I just came across std::as_const and I was surprised by the output of the last line in the following snippet:

#include <cstdio>
#include <utility>

struct S {
    void foo() { std::puts("foo: non const"); }
    void foo() const { std::puts("foo: const"); }
};

int main() {
    S s;
    s.foo(); // foo: non const
    std::as_const(s).foo(); // foo: const

    auto* s_ptr = &s;
    s_ptr->foo(); // foo: non const
    std::as_const(s_ptr)->foo(); // foo: non const (?)
}

Looking at the documentation, I understand why the non-const overload of foo gets called: std::as_const(s_ptr) returns a S* const&, i.e. a reference to a constant pointer to non constant S, instead of a S const*, i.e. a pointer to a constant S, as I would have expected.

So, my question is why doesn't the standard provide a std::as_const overload for pointer types too? E.g. something like:

template <class T>
constexpr std::add_const_t<T>* as_const(T* t) noexcept {
    return t;
}

Edit: one of the motivations for std::as_const in paper P0007R1 is the selection of a function oveload without having to resort to a const_cast. P0007R1 provides this example:

int processEmployees( std::vector< Employee > &employeeList );
bool processEmployees( const std::vector< Employee > &employeeList );

A larger project often needs to call functions, like processEmployees, and selecting among specific const or non-const overloads. [...]

That's why I was somehow surprised it doesn't help in overload resolution when applied to a pointer in code like the one I posted, nor in:

std::as_const(this)->foo();

nor in selecting the latter of the following overloads:

int processEmployees( std::vector< Employee > *employeeList );
bool processEmployees( const std::vector< Employee > *employeeList );

CodePudding user response：

The purpose of std::as_const is to be able to reference a non-const lvalue as a const lvalue so that it isn't modifiable in the context in which it is used. In other words std::as_const(x) should be a shorthand for writing

const auto& y = x;

and then using y.

It already does that well, so there is no need for special behavior for pointers.
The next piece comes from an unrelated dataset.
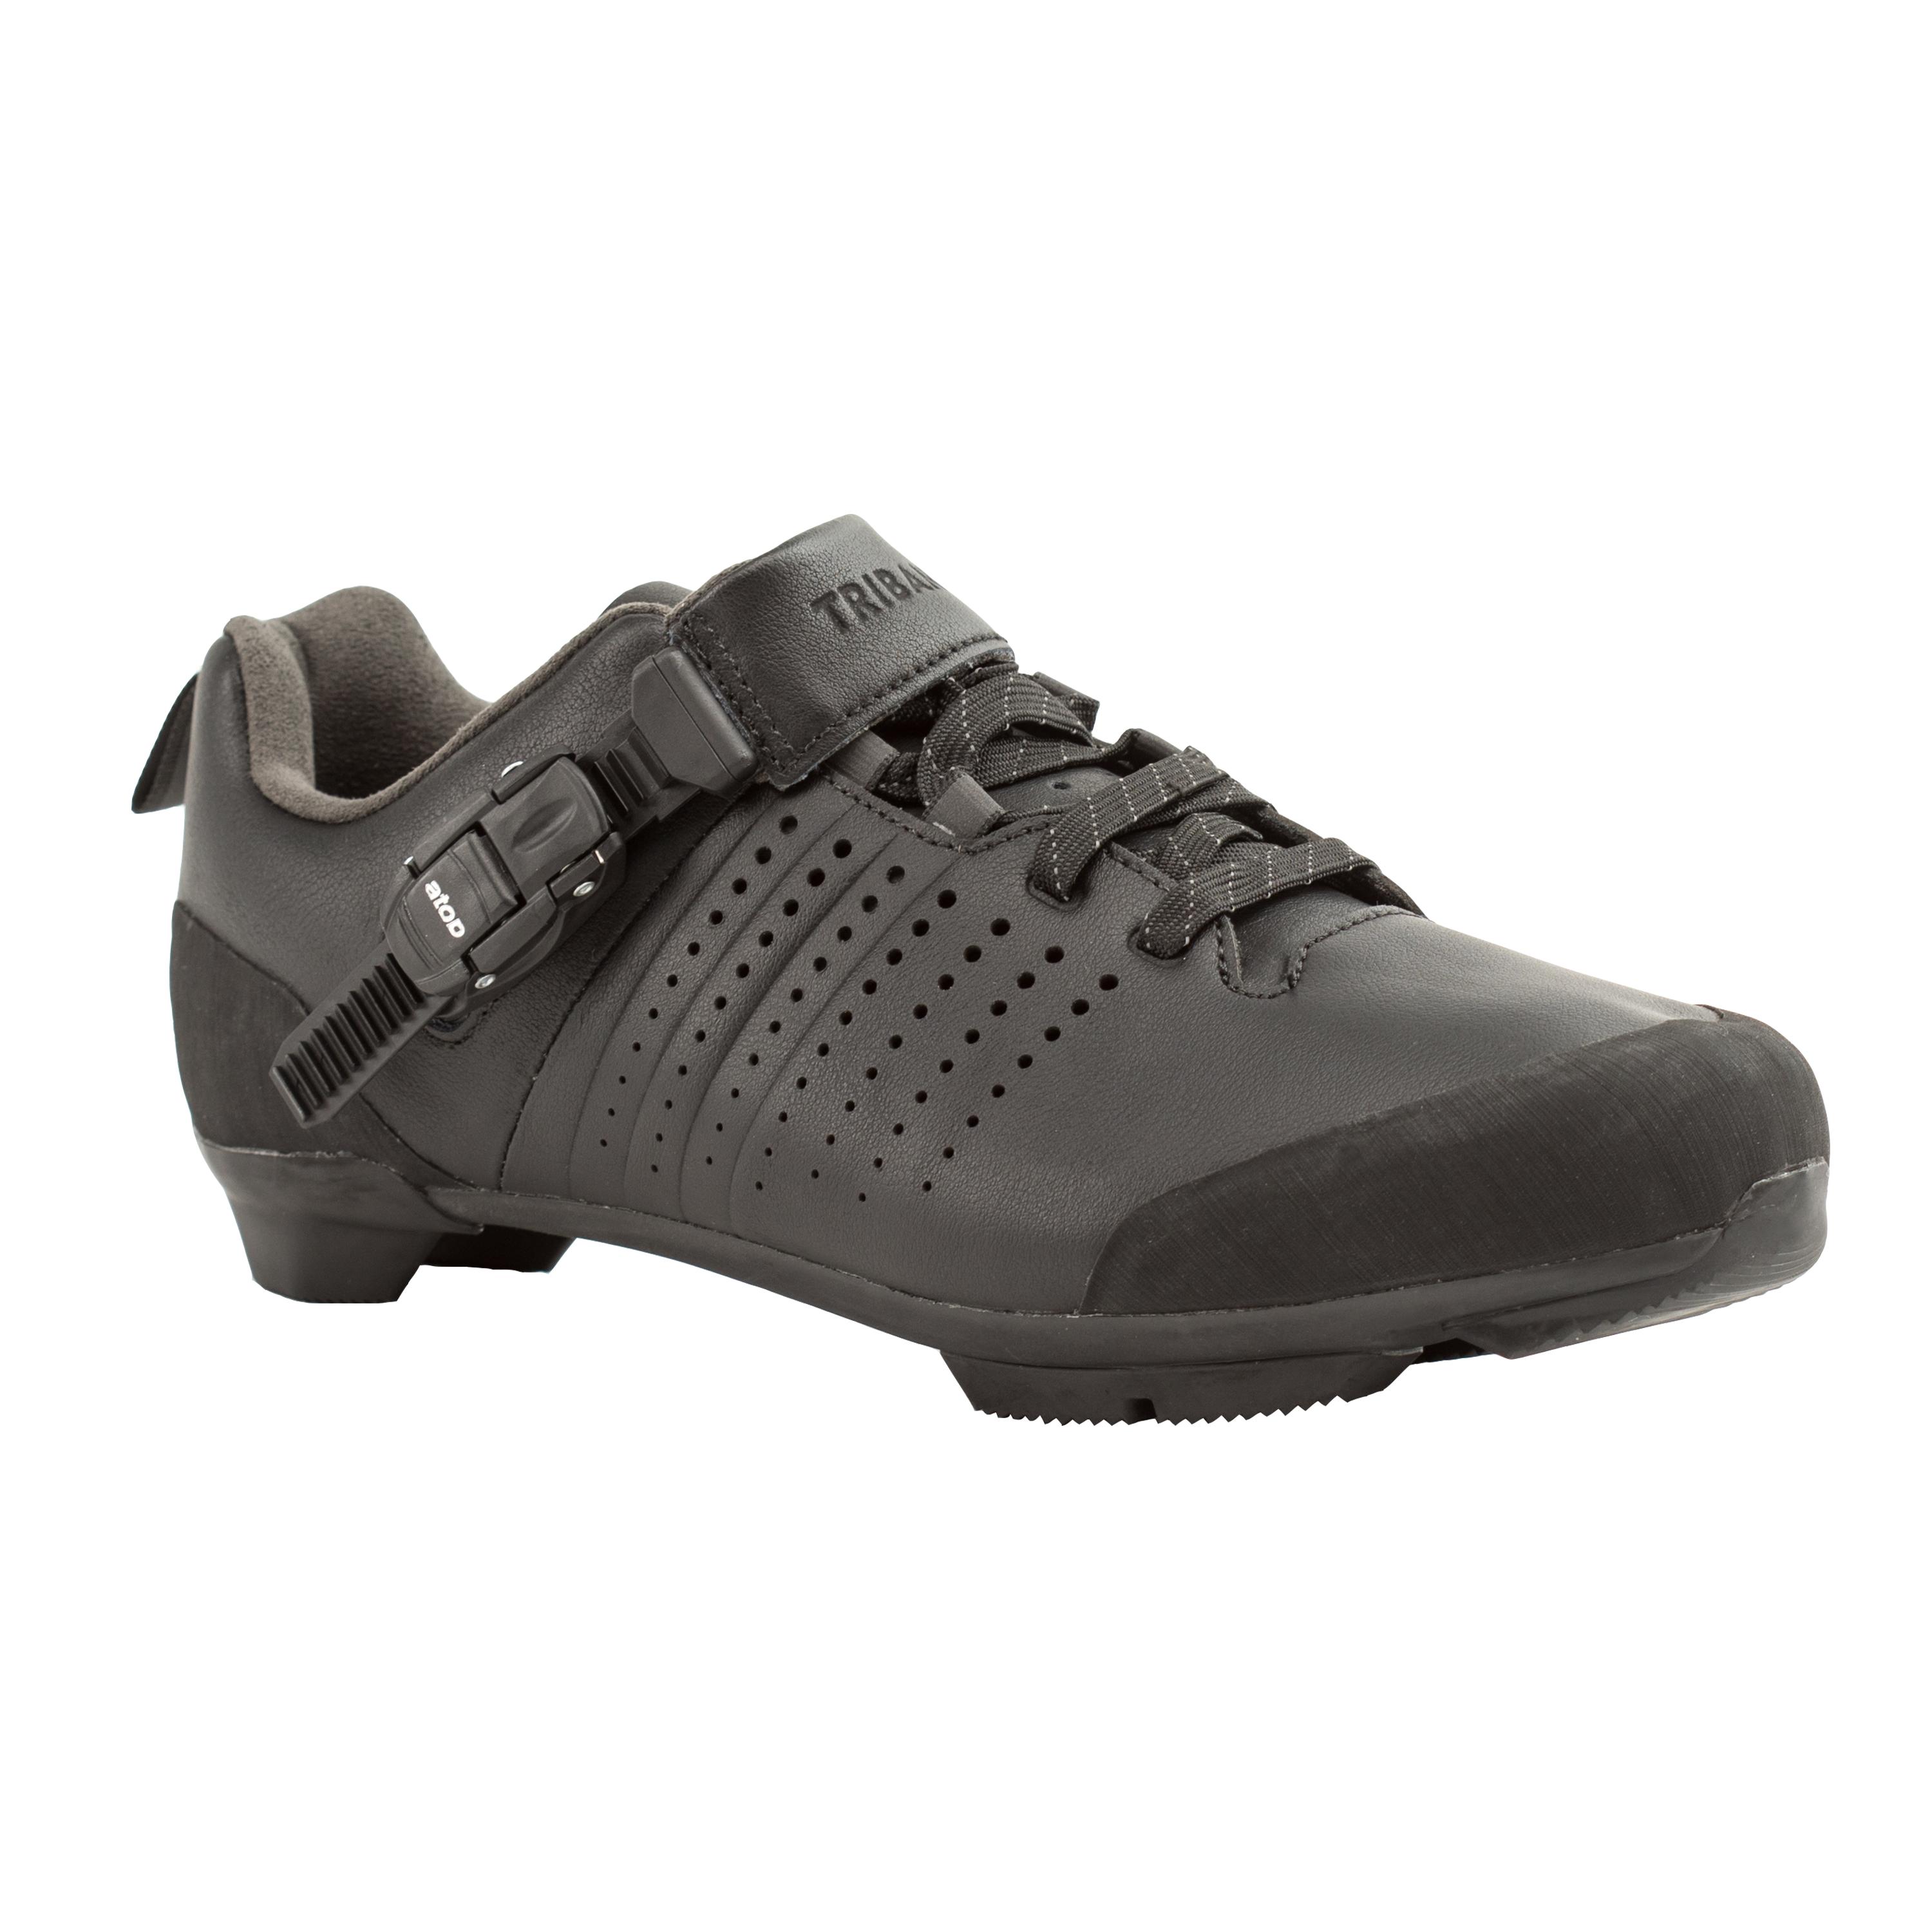 Leather Lace-Up Cycling Shoes - GRVL 520 SPD Black - TRIBAN

And here is a simple example where the suggested additional overload would have serious negative effects:

std::vector<int> vec = /*...*/;
for(auto it = std::begin(vec); it != std::end(vec); it  )
    func(std::as_const(it));

The intention here is to make sure that the function func cannot modify it since the responsibility of iterating over the vector lies with the for loop. If func simply takes an iterator by-value or const reference, then std::as_const is not strictly required, but it makes sense anyway as a safety measure or because there are multiple overloads of func, some of which do modify their argument.

auto here is some iterator type. It could be a pointer. Or it could be a class type. With your suggested overload of as_const this would break depending on how the std::vector iterator is implemented.

std::as_const(it) is supposed to say that it shall not be modified through this use. It shouldn't say anything about whether the object it references is modifiable. That is not its purpose. Of course it could make sense to add a function that makes the referenced object non-modifiable. But that should have a different name and you would probably want to implement it for arbitrary iterators, not pointers specifically. Basically, an iterator-to-const-iterator adaptor.